» Dataset extract
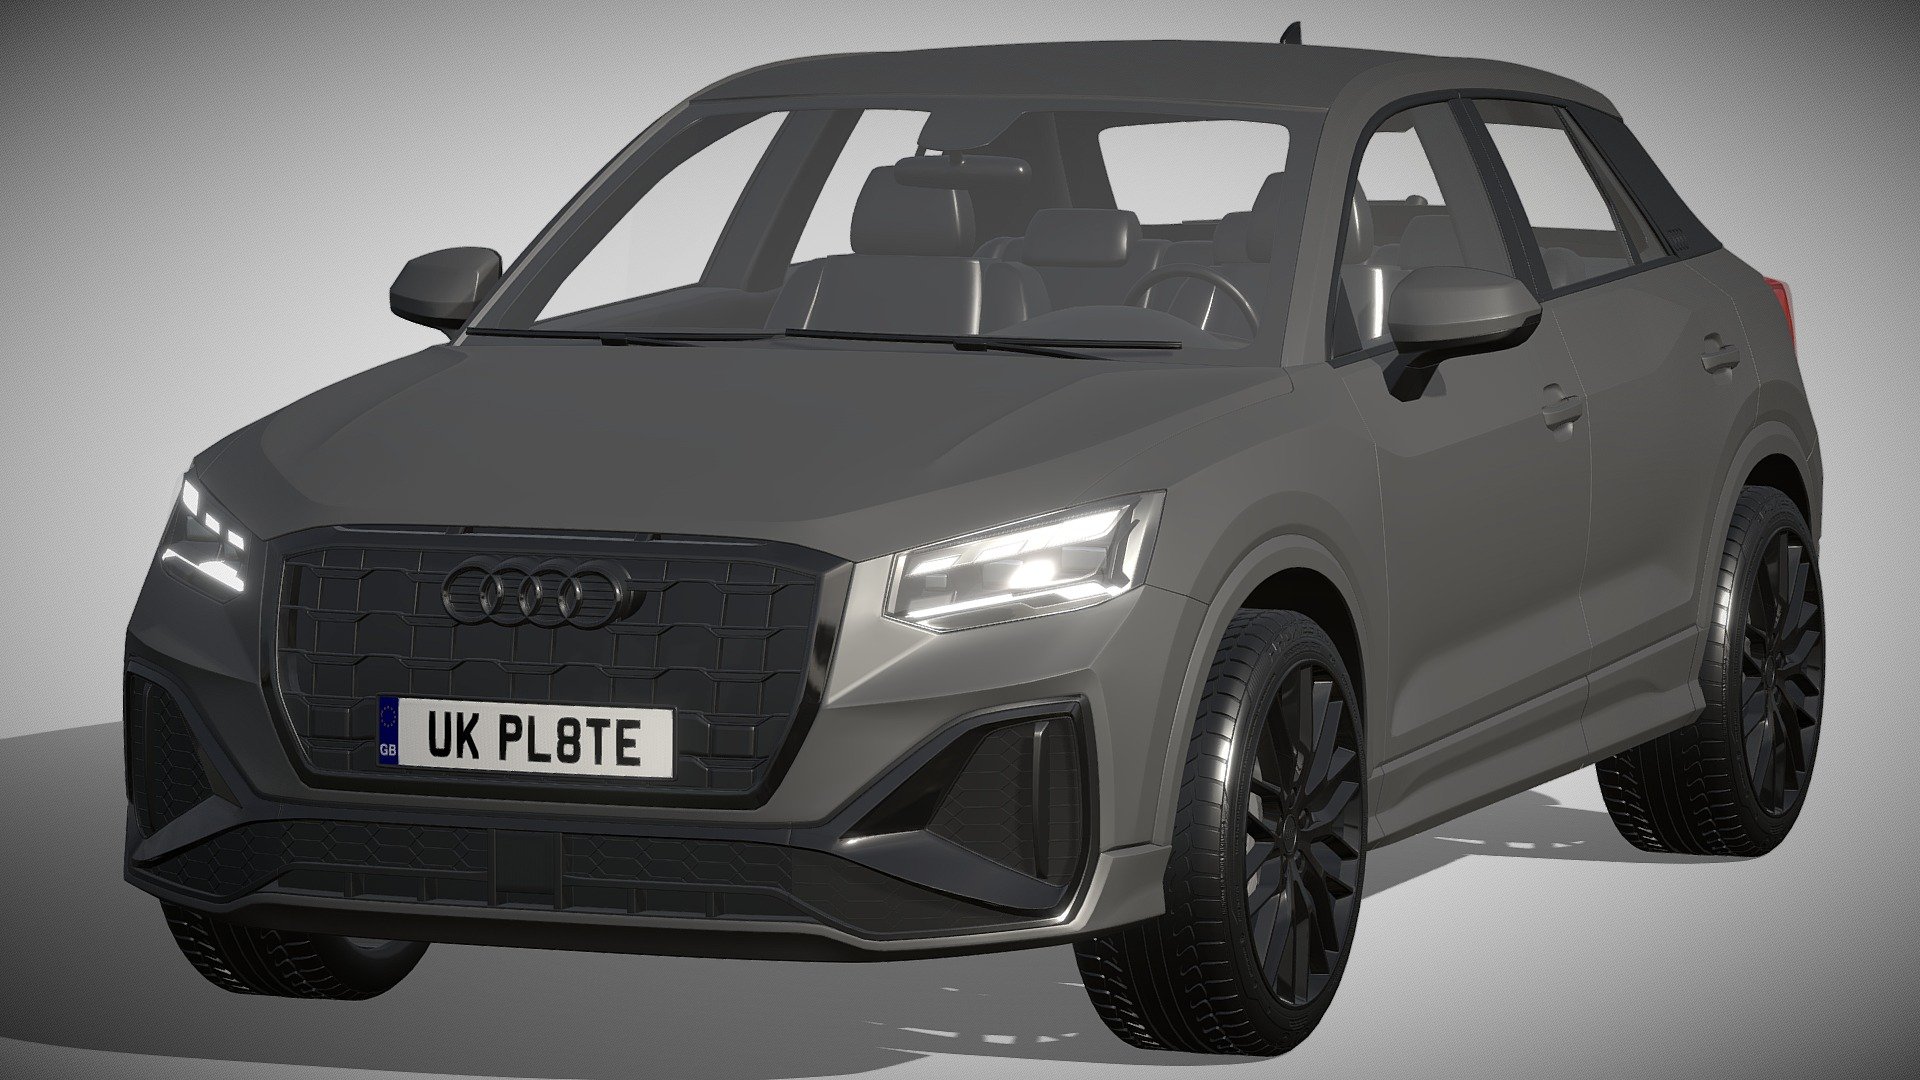 Audi Q2 2021

https://www.audi.de/de/brand/de/neuwagen/q2/q2.html

Clean geometry Light weight model, yet completely detailed for HI-Res renders. Use for movies, Advertisements or games

Corona render and materials

All textures include in *.rar files

Lighting setup is not included in the file! - Audi Q2 2021 - Buy Royalty Free 3D model by zifir3d 3d model

» Exercise directions
Output only the lines from the one that contains "Corona render and materials" through the final line of the records, exactly as given.

» Exercise response
Corona render and materials

All textures include in *.rar files

Lighting setup is not included in the file! - Audi Q2 2021 - Buy Royalty Free 3D model by zifir3d 3d model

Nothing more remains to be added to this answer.